Accept things as they are now with the hope that it will change one of these days. OR
Move on, and put it down to experience
You can't "get her there". She is trying to tell you that its not going to happen. Accept her wishes and find someone else.
You do not mention your ages so it is hard to answer you exactly. If kissing isn't an option due to her family then I would just accept friendship with her and not date her. It could be that her family is really that strict or it could be an excuse to keep you at bay. Is this what she told you or them? Ask them for permission to date her is my advice to you. If they say yes, then it is more her than them. If they say no then move on and just keep her as a friend. I sense she is not being totally honest so ask them and by their answers make your decision. Good luck!

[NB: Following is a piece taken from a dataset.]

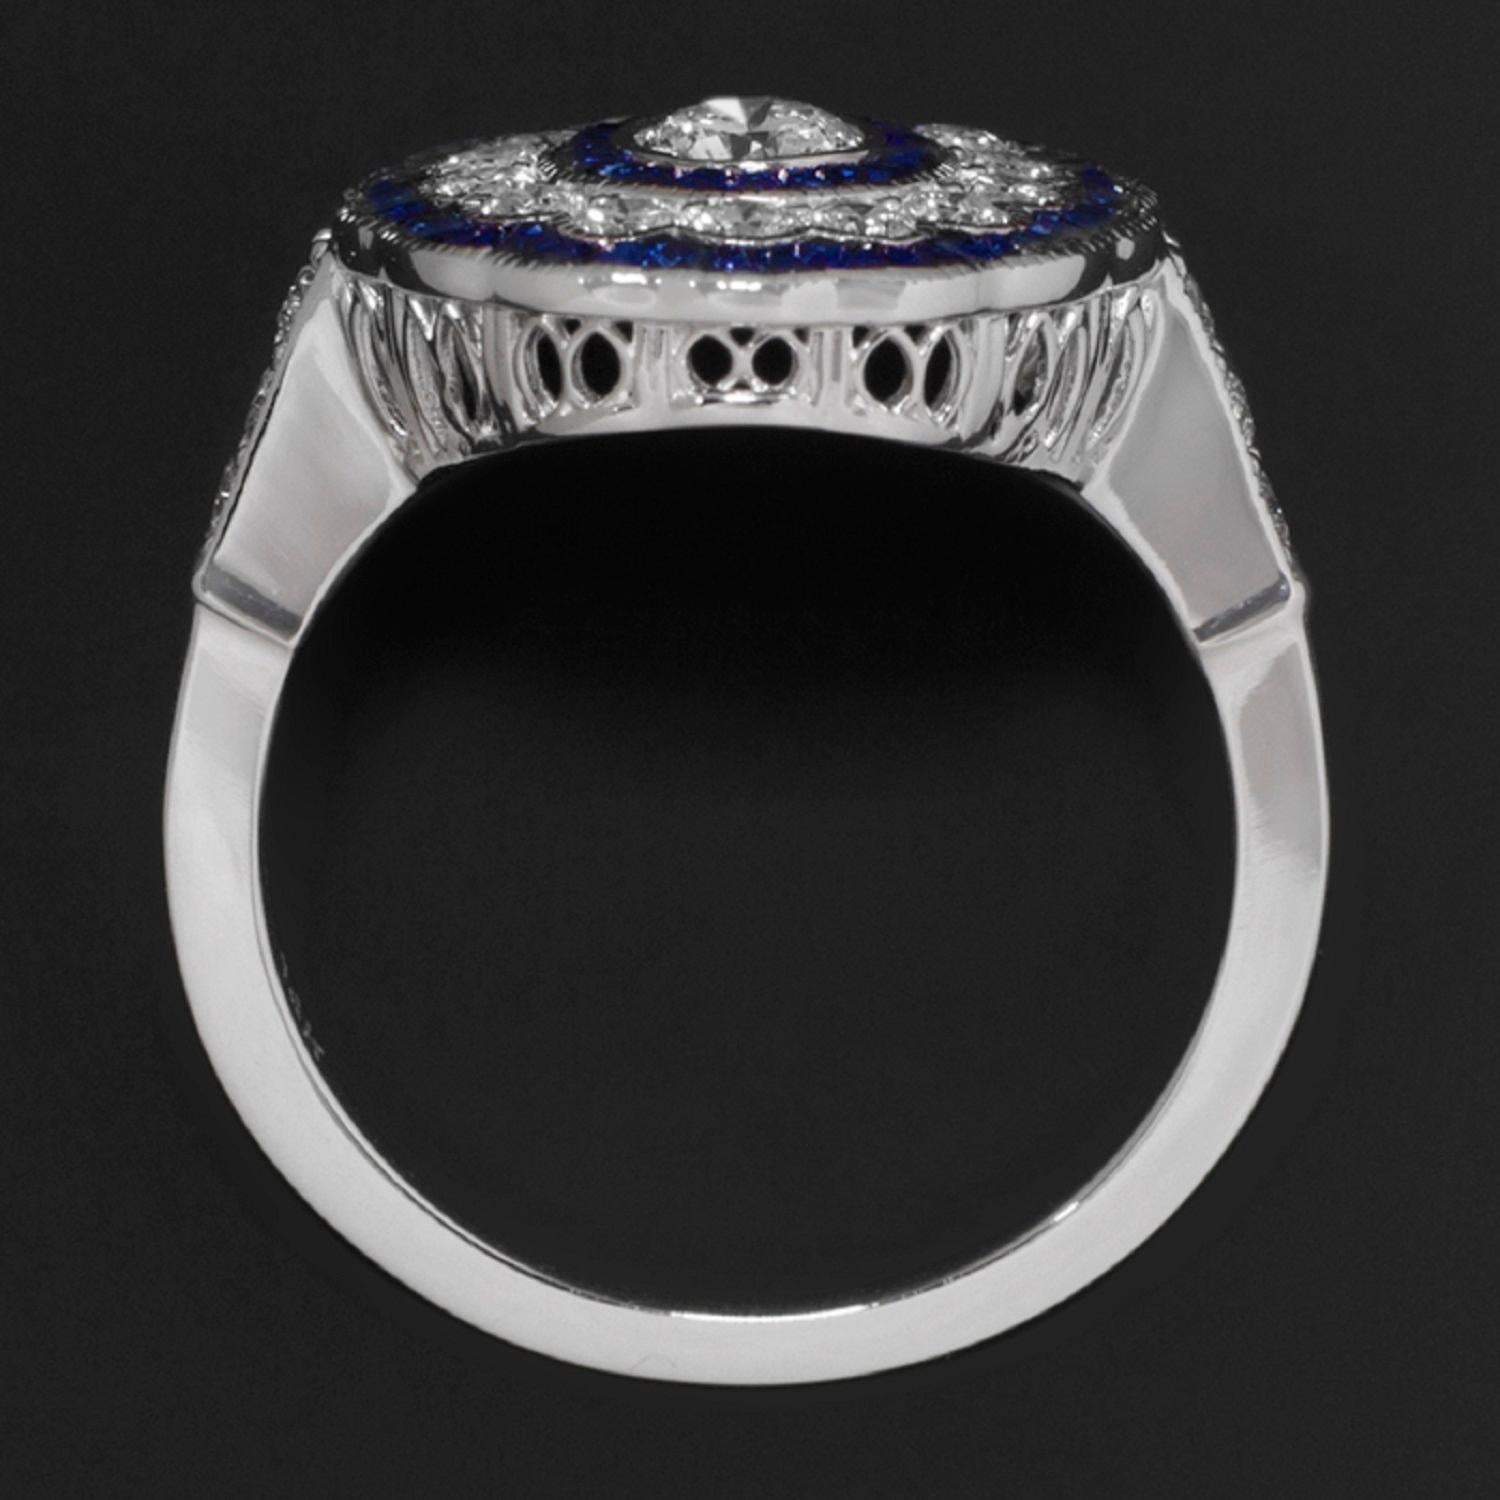 Art Deco Style ring features a very high quality round brilliant cut diamond surrounded by a glamorous triple halo of vibrant diamonds and royal blue natural sapphires. The ¼ carat F VS2 diamond is phenomenal in quality, bright white, and
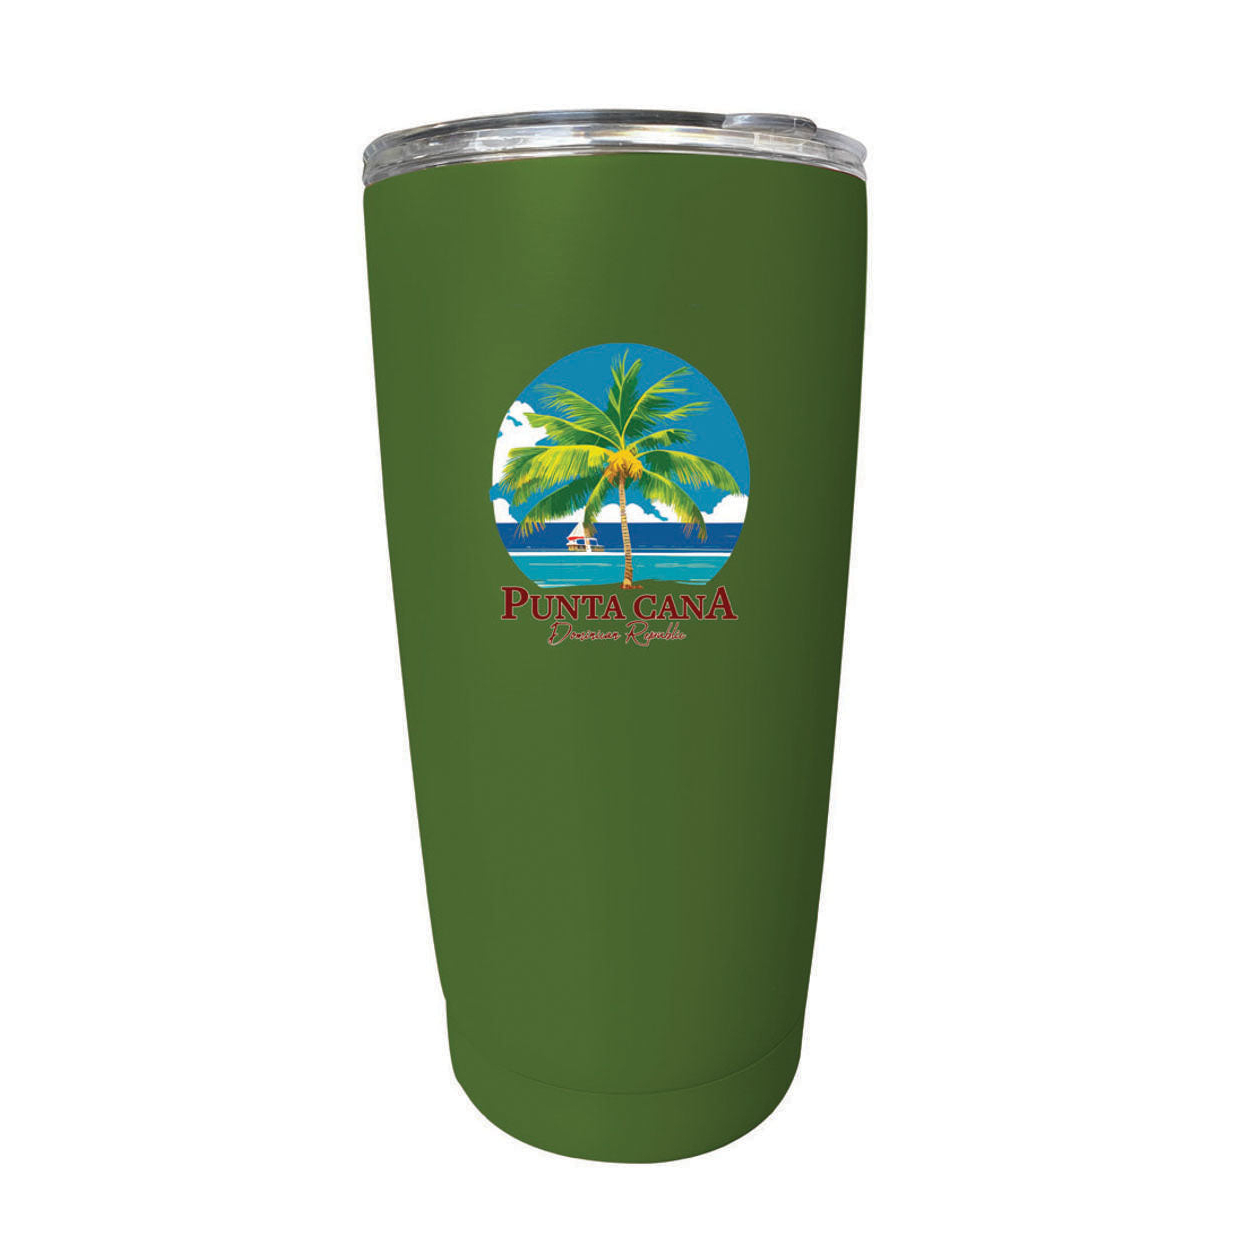 Punta Cana Dominican Republic Souvenir 16 Oz Stainless Steel Insulated Tumbler - Black, PARROT

So you are stuck in a rut that she likes and you don't. I suggest (and it will be hard for you) that you have a break from each other. I mean a totally clean break with no contact whatever. No texts or calls or visits or chats. Disappear from her life completely. If she wants you, she will reach out. If she doesn't, she won't. Hanging out for a year is NO reason to marry. You hardly know each other. Going out on dates where you are alone etc is the way to see if you are compatible. You have decided FAR too early that she's the one you wish to be with forever. That sounds a bit needy to me and perhaps those vibes are what's putting her off. You need to be 'going out' with each other (alone, away from the family eyes) for a good 3 years before you talk about marriage seriously.